“No one cares how much you know, until they know how much you care.”
The theme of this edition of The Edge is ‘people’. Our inspiration came from the Maaori whakatauki (proverb) which you can see in the editorial. Emotional intelligence provides a way to empathise, coach and celebrate the unique potential that people have.
It is around 19 years since I first read the seminal book on ‘Emotional Intelligence – Why It Can Matter More Than IQ’, written by Daniel Goleman, and it has been my ‘go to’ book ever since. The effect on me was profound. Like many others in health care, I had been focusing on gaining technical skills: clinical skills, managerial skills such as business planning and, as I moved into the world of improvement and innovation, expertise in relevant tools and methods. While Goleman confirms that all of these skills are important, he describes them as “entry-level requirements” and argues that leaders with emotional intelligence are more effective than those without.
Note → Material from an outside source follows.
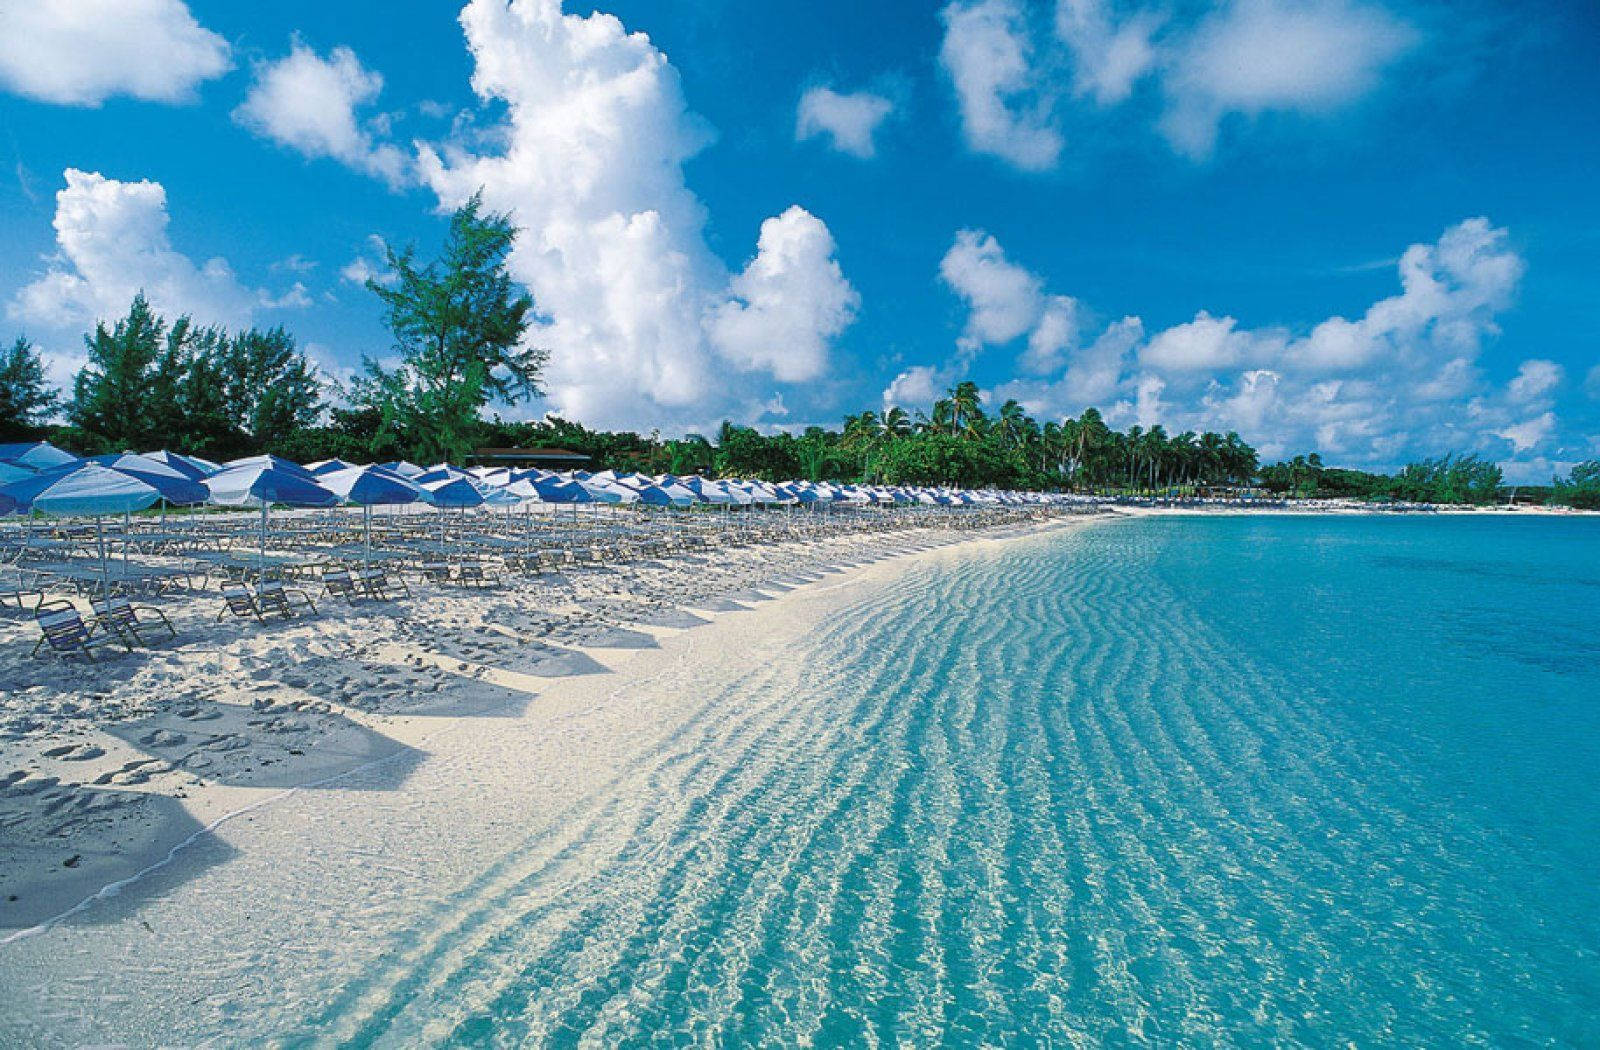 Bahamas Great Stirrup Cay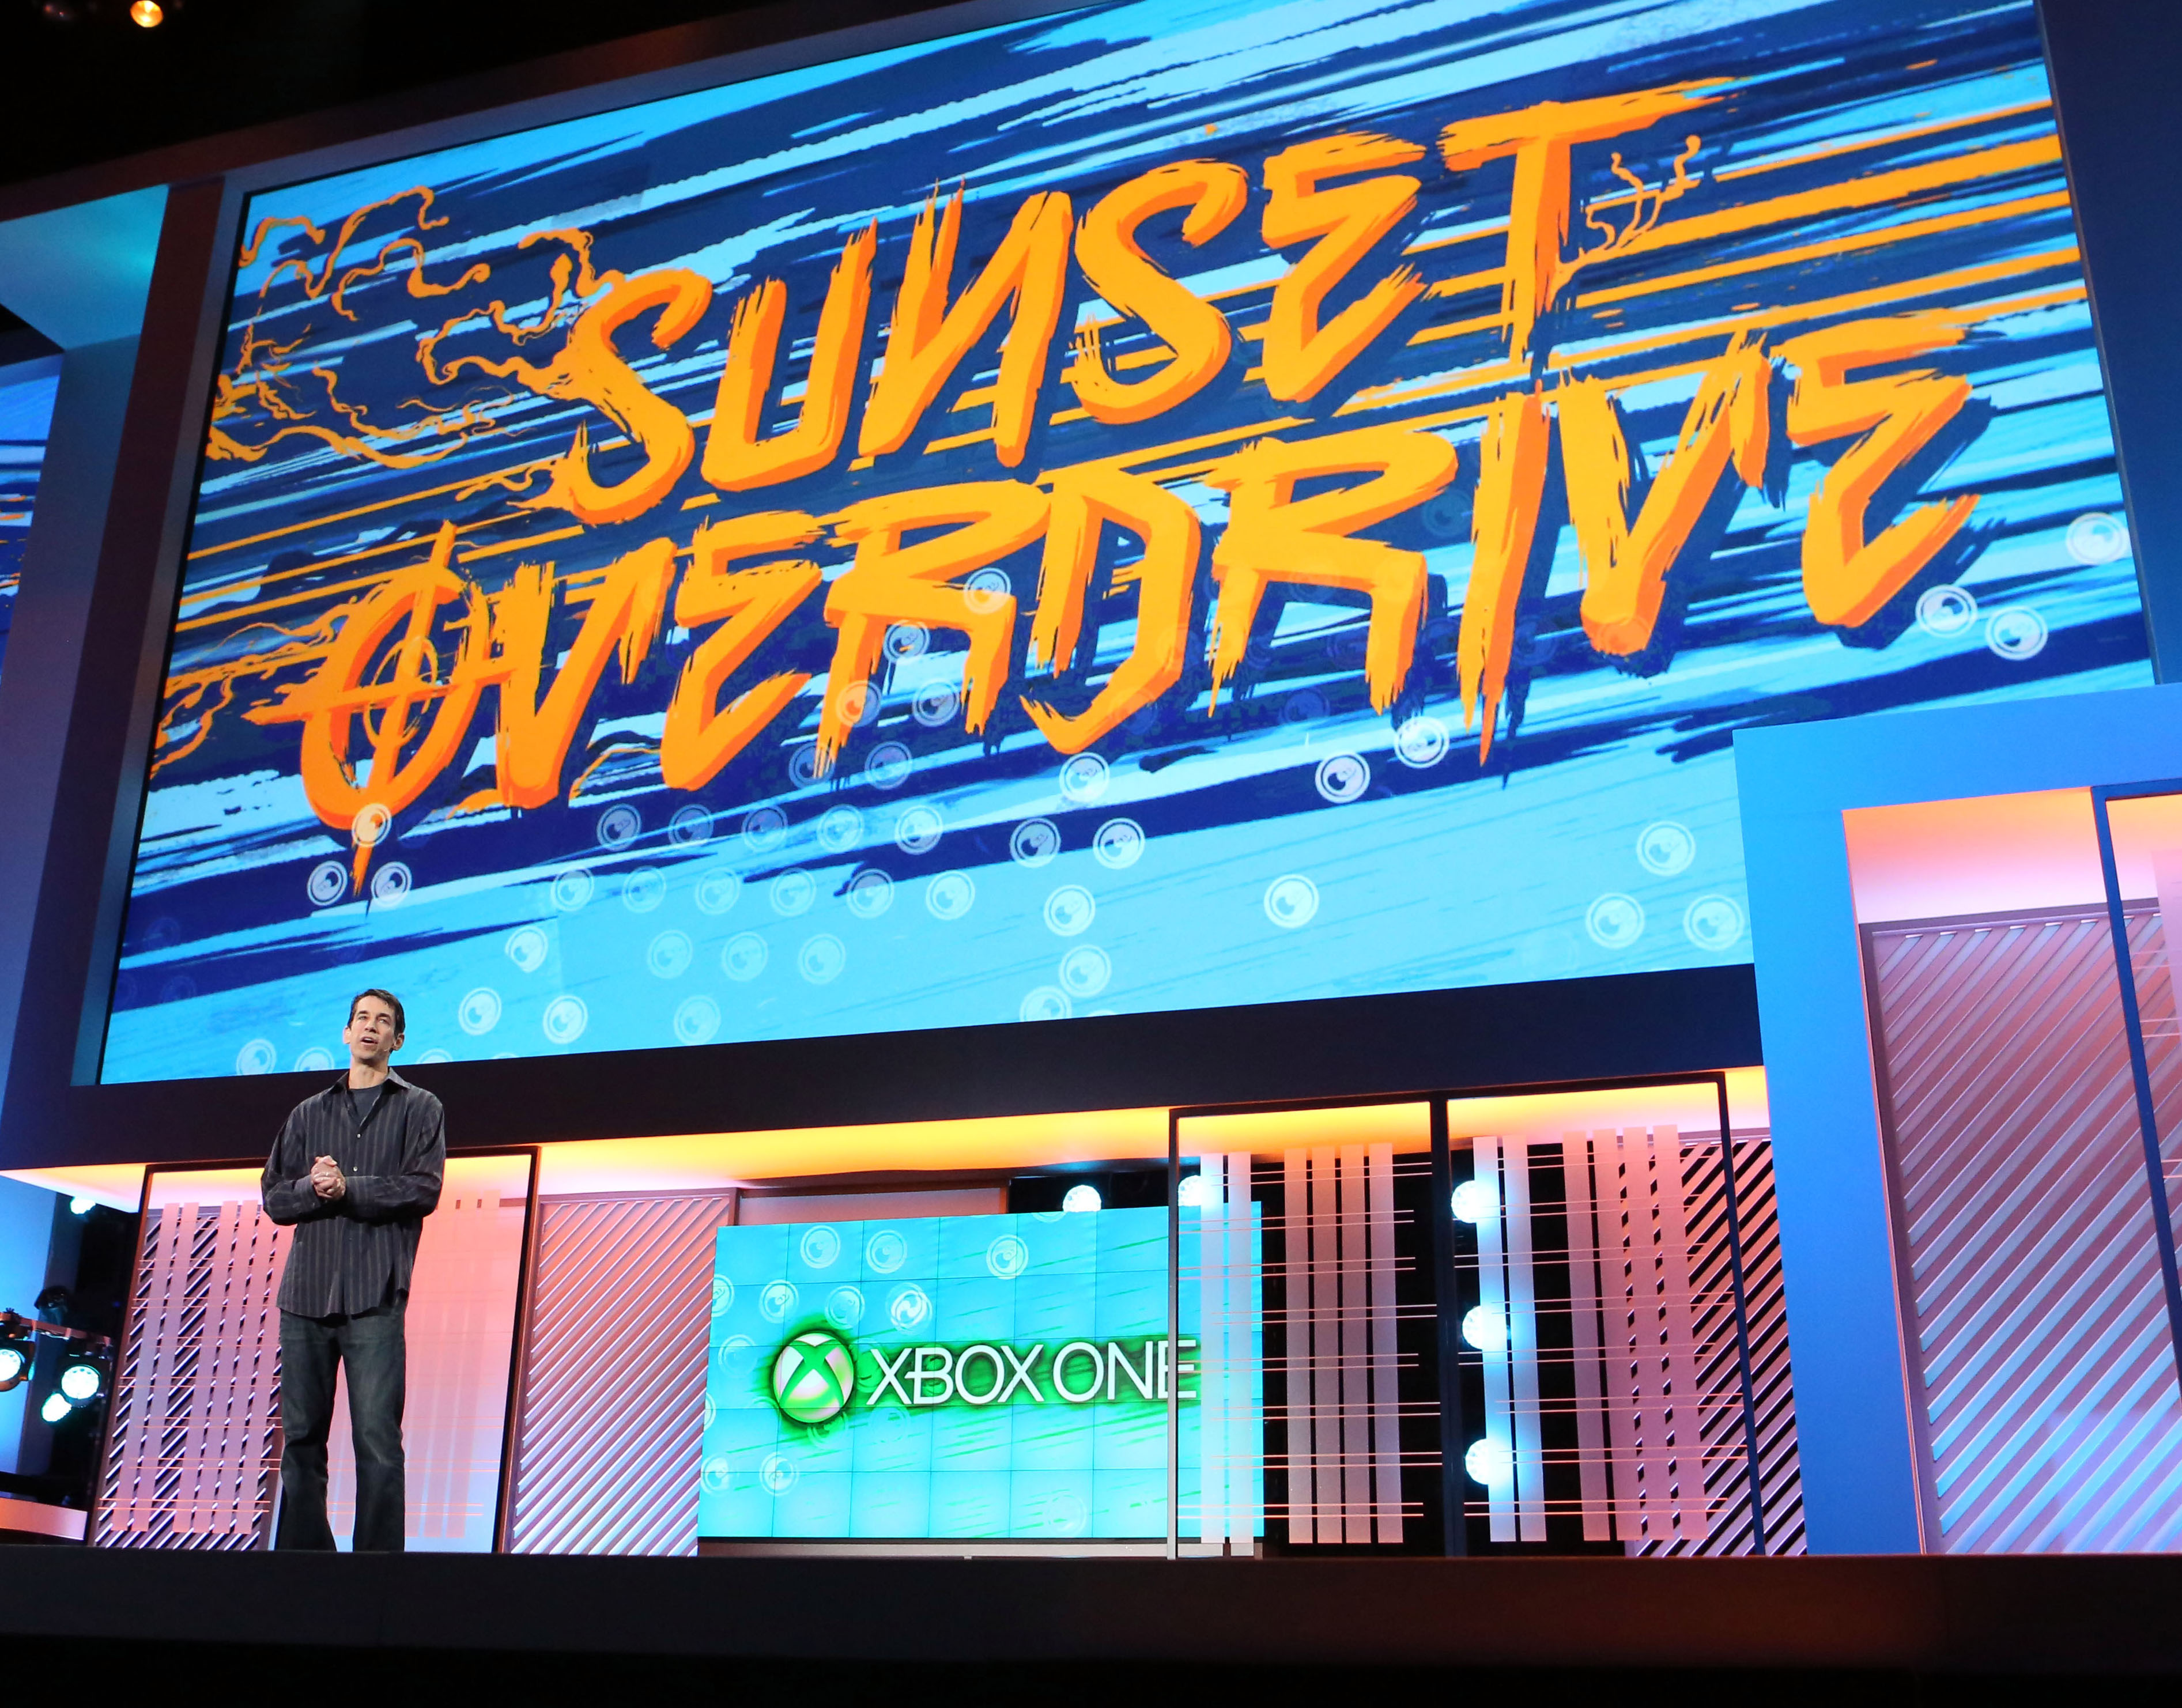 Sunset Overdrive – Windows 10 PC Launch Trailer

Goleman (1996) describes emotional intelligence as a group of five skills:
Self awareness – knowing your own strengths, weaknesses, values, your own emotional state and your impact on others.
Self regulation – your ability to control any disruptive impulses or moods, suspend judgement and think before acting.
Motivation – optimism and a passion to achieve for the good of a situation rather than, for example, rewards of finance or status.
Empathy – an ability to understand the emotional make up of others and a skill in being able to work with people by responding positively to their emotional reactions.
Social skills – building rapport, excellence in developing relationships and networks, an ability to find common ground, to provide constructive feedback and to build and support high performing teams.
These skills have been reflected in many books and articles on effective leadership and also surfaced when exploring the leader’s impact on the culture for innovation. We found that “Leaders have a disproportionately large effect on the cultures of organisations and systems. By their behaviours, leaders create the conditions that either hinder or aid innovation.” ( 2010 Maher, Plsek, Price Mugglestone). This relates to all of our time at work. If the leader is moody, ruthless and negative it is likely that the part of the organisation they are in will reflect that tone with a climate that is filled with anxiety, fear and staff who underperform. If the leader is authentically positive, empowering, curious and trustworthy, staff are more likely to be inspired, have high participation and teamwork and are more likely to achieve goals that are stretching.
I have personally had the pleasure of working with leaders who have emotional intelligence. The feeling is palpably positive: not naively so, as all organisations have challenges, but there is a strong belief and passion to work to solve those challenges and a recognition that each person in a team or organisation can help to make that difference. I have also been in the position of working with leaders who have low emotional intelligence and witnessed the destruction that leaves. Staff who are very talented lose their self-esteem, feel crushed, become suspicious of one another and become sad and unproductive. I expect as you read through this you can also picture in your own mind your experiences of both types of leader. Which type of leader would you like to work with and, more importantly, which one do you aspire to be?
‘It’s about the people’, and a fundamental part of the leader’s role is to support the people we work with and those we serve. Goleman says “Modern medical care too often lacks emotional intelligence” (p 165). For patients and families each interaction with staff creates a potential for reassurance, explanation and dialogue, yet we often miss that opportunity for an emotional connection. ‘I have not got time’ is often the cry. Think seriously, think honestly and think creatively; if it was you or a member of your family, what would you need, want or expect from that interaction? Others are practising this level of emotional intelligence and connection. Learn from them. The same can be said for interacting with staff. Each interaction a leader has with staff is a fantastic opportunity for a positive connection leaving both people with a sense of purpose. There are many great role models. I urge every reader to find one and learn. Even if you already recognise and use some of the skills of emotional intelligence, we can all always learn more from each other.
All of us are privileged to be in leadership positions. Leadership is not the domain of those who may be senior in the organisational hierarchy; we are all leaders. Focussing on building your emotional intelligence will provide wonderful opportunities to work with individuals and teams to help reach both their and your full potential.
Goleman D. (1996) Emotional Intelligence – Why It Can Matter More Than IQ. Bloomsbury Publishing. London.
Maher L, Plsek P, Price J, Mugglestone M. (2010) A Practical Guide to Creating the Culture for Innovation. NHS Institute for Innovation and Improvement.